In 2008, Barretto released her debut album Unexpected to signal the launch of her music career. She released the single "Please Don't Ask Me" in support of the album. She promoted Unexpected through a series of mall shows around the country. In that same year, Barretto returned to acting through an episode of Maalaala Mo Kaya where she played a mistress of a politician, opposite Phillip Salvador and Tonton Gutierrez. It was in this drama anthology that Barretto finally won her first acting award, PMPC Star Awards for TV's Best Single Performance by an Actress. A year later, she released her second album entitled Complicated and released the single "Ready to Take a Chance Again". Barretto was once again involved in a controversial relationship with Rodolfo "Dody" Puno, the Executive Director of the Road Board of the Department of Public Works and Highways. Rumors broke out that both Barretto and singer Pops Fernandez were receiving commission from the funds of the Department of Public Works and Highways, as allotted by Puno himself.

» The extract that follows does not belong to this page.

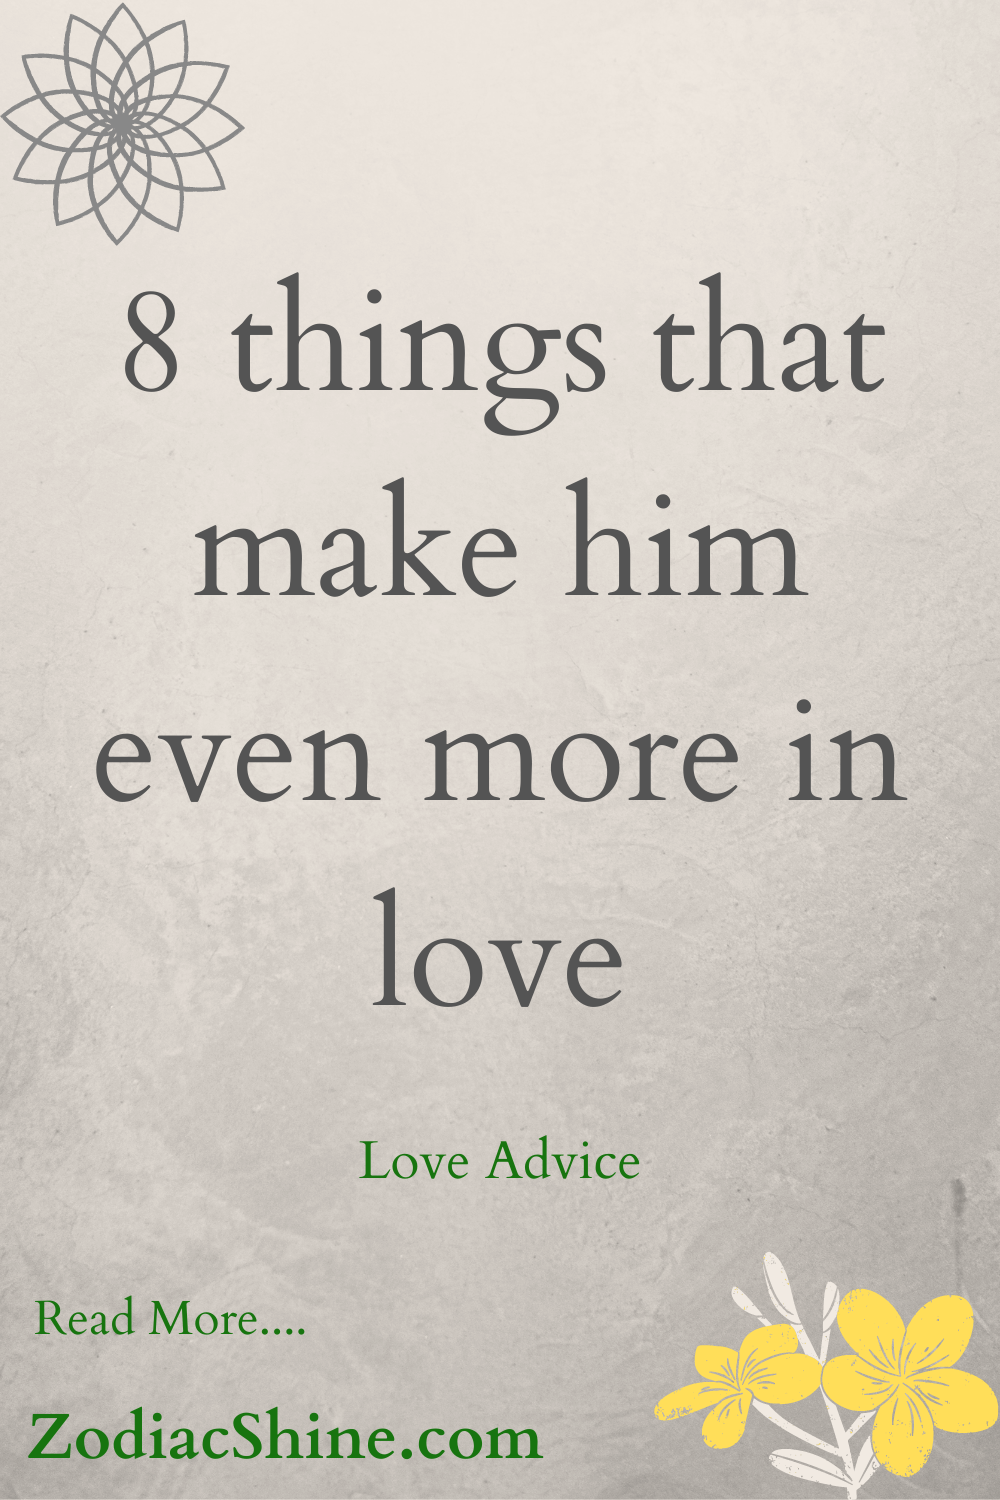  8 things that make him even more in love
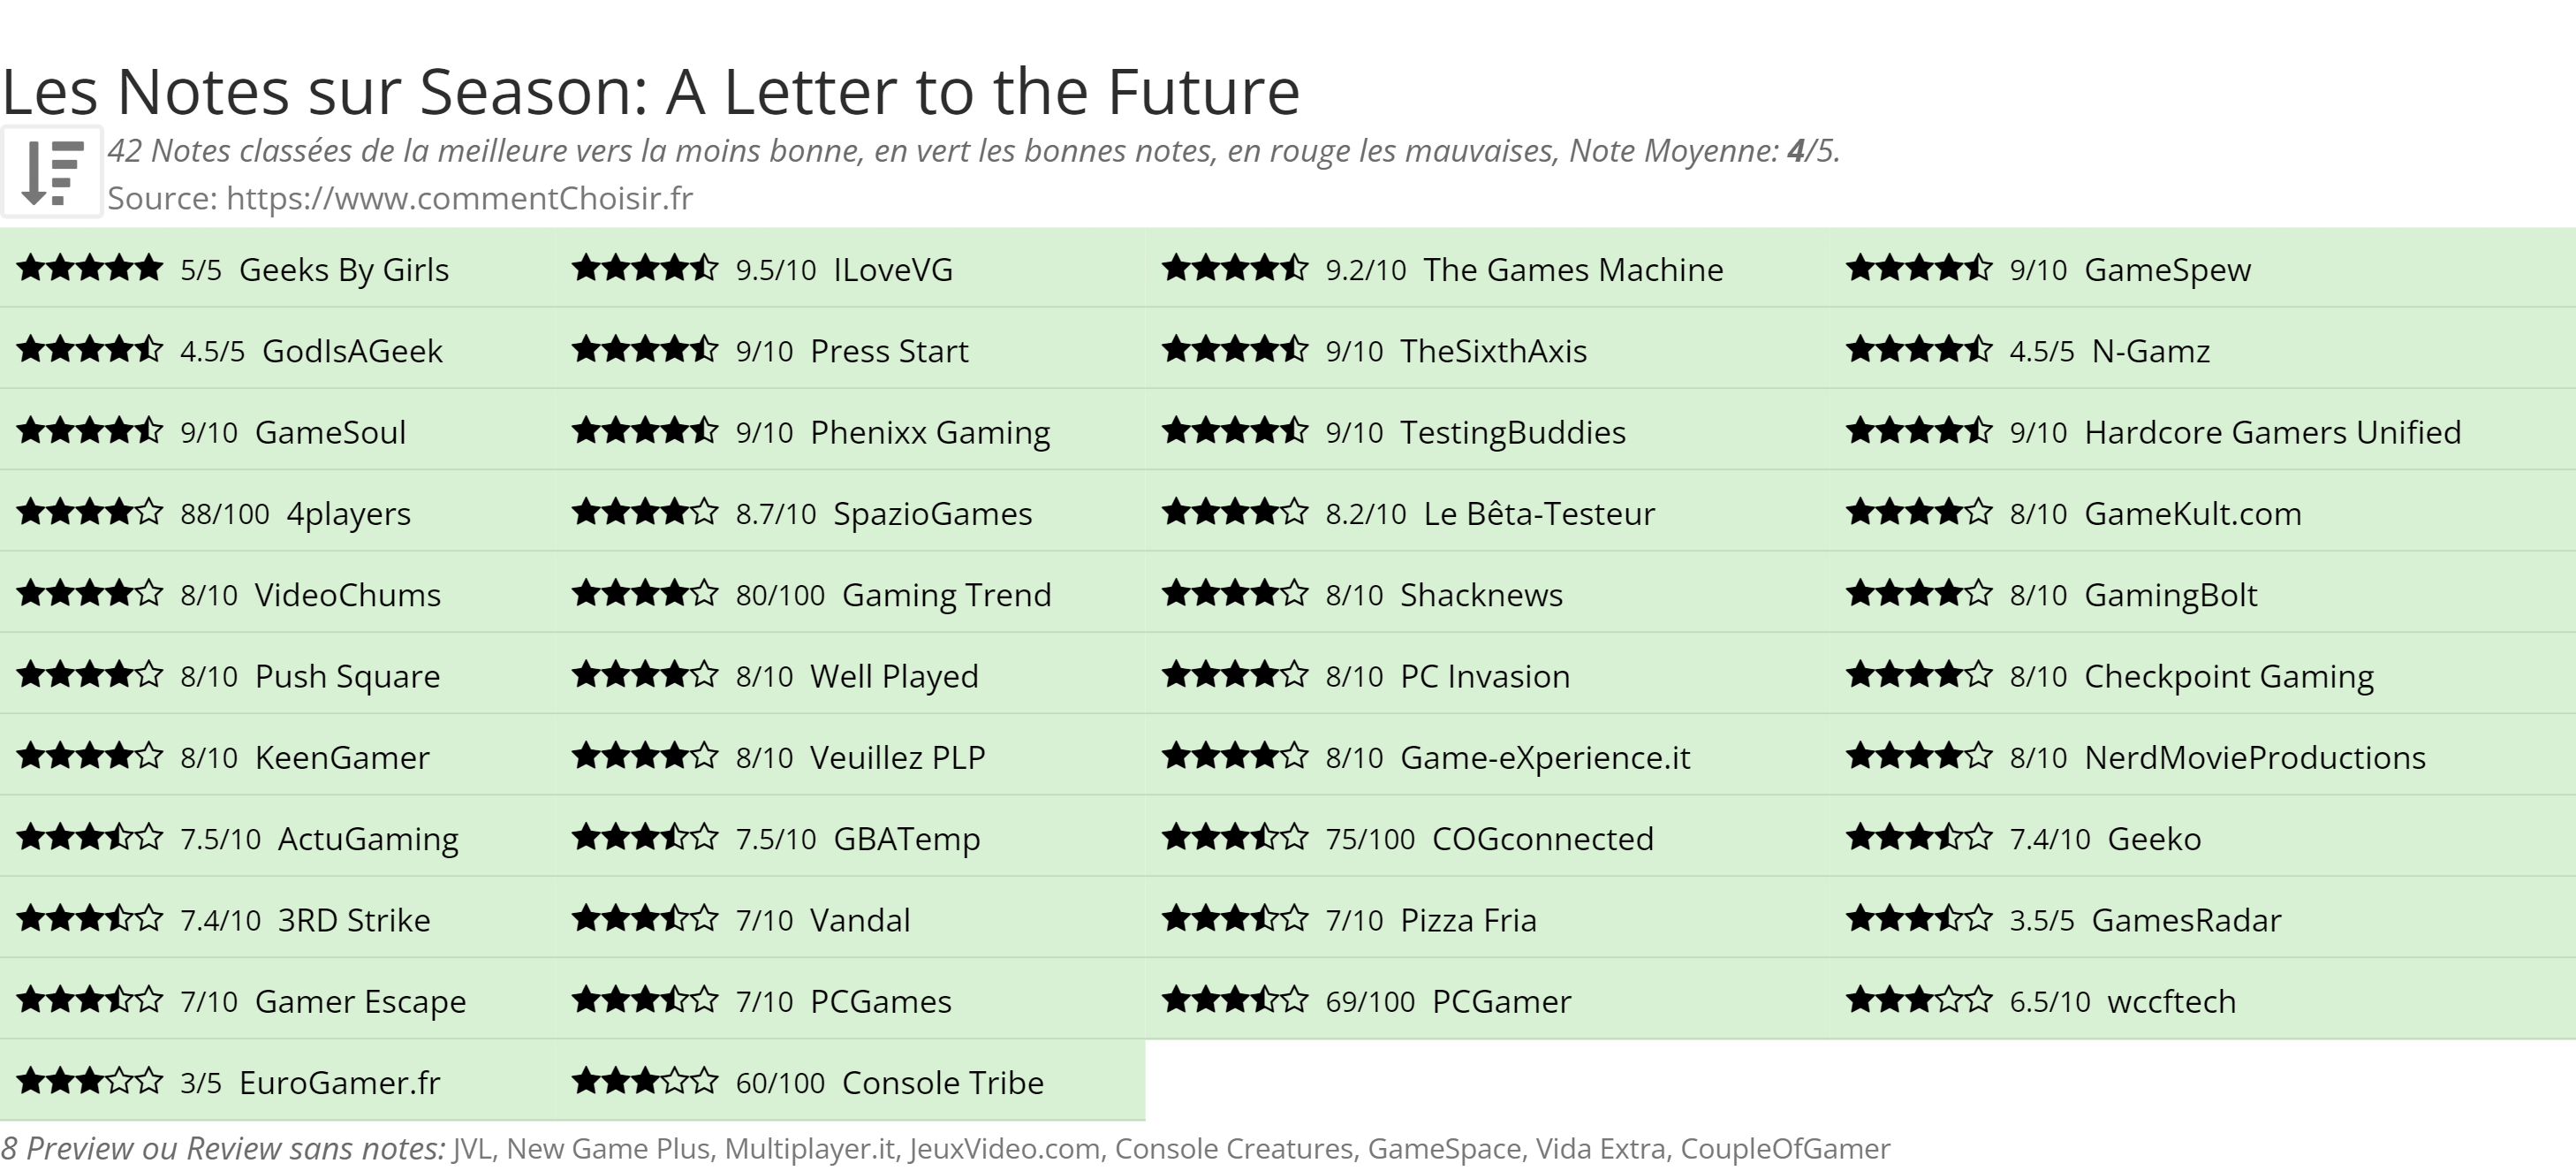 Ratings Season: A Letter to the Future

===2010–2015: Award wins and acting in primetime dramas===
In 2010, Barretto returned to do another episode in Maalaala Mo Kaya portraying a widow who falls in love with a parish priest, which was portrayed by Jomari Yllana. Barretto again won another the award for Best Single Performance by an Actress in the PMPC Star Awards for Television, marking her second win in this category. Barretto embarked in her biggest television project in 2010 with the drama series Magkaribal, which originally featured Barretto opposite sister Claudine, however, the latter moved to rival network GMA during the show's pre-production. Magkaribal starred Barretto alongside actress Bea Alonzo (who became Claudine's replacement), Angel Aquino and model-actor Derek Ramsay. In that same year, Bench launched Barretto's first perfume line called Greta. Barretto won the award for Best Drama Actress in the PMPC Star Awards for Television for Magkaribal a year later. After the success of the show, Barretto was slated to star in Alta, a drama series about high society and the mining industry, with KC Concepcion and Angelica Panganiban, but the show was shelved in 2012. It was because of the cancellation of Alta that she was offered the role of Ashi Behati in Princess and I in which she portrayed the main villain to the lead stars Kathryn Bernardo and Daniel Padilla. In 2013, Barretto joined the cast of Huwag Ka Lang Mawawala at the request of the show's lead actress, Judy Ann Santos. Two months later, Barretto debuted in her first Cinemalaya film entry entitled The Diplomat Hotel.

===2016–present: Business ventures; alleged involvement in sabungero disappearances===
In 2016, Barretto and her partner Antonio "Tonyboy" Cojuangco joined President Rodrigo Duterte in his state visit to Japan. By November, Barretto travelled to Taipei, Taiwan for a business meeting to support her local casino venture.

Beginning in 2017, Barretto has been involved in the casino and cockfighting businesses of Charlie "Atong" Ang, with Cojuangco also becoming involved in his casino venture at the Okada Manila.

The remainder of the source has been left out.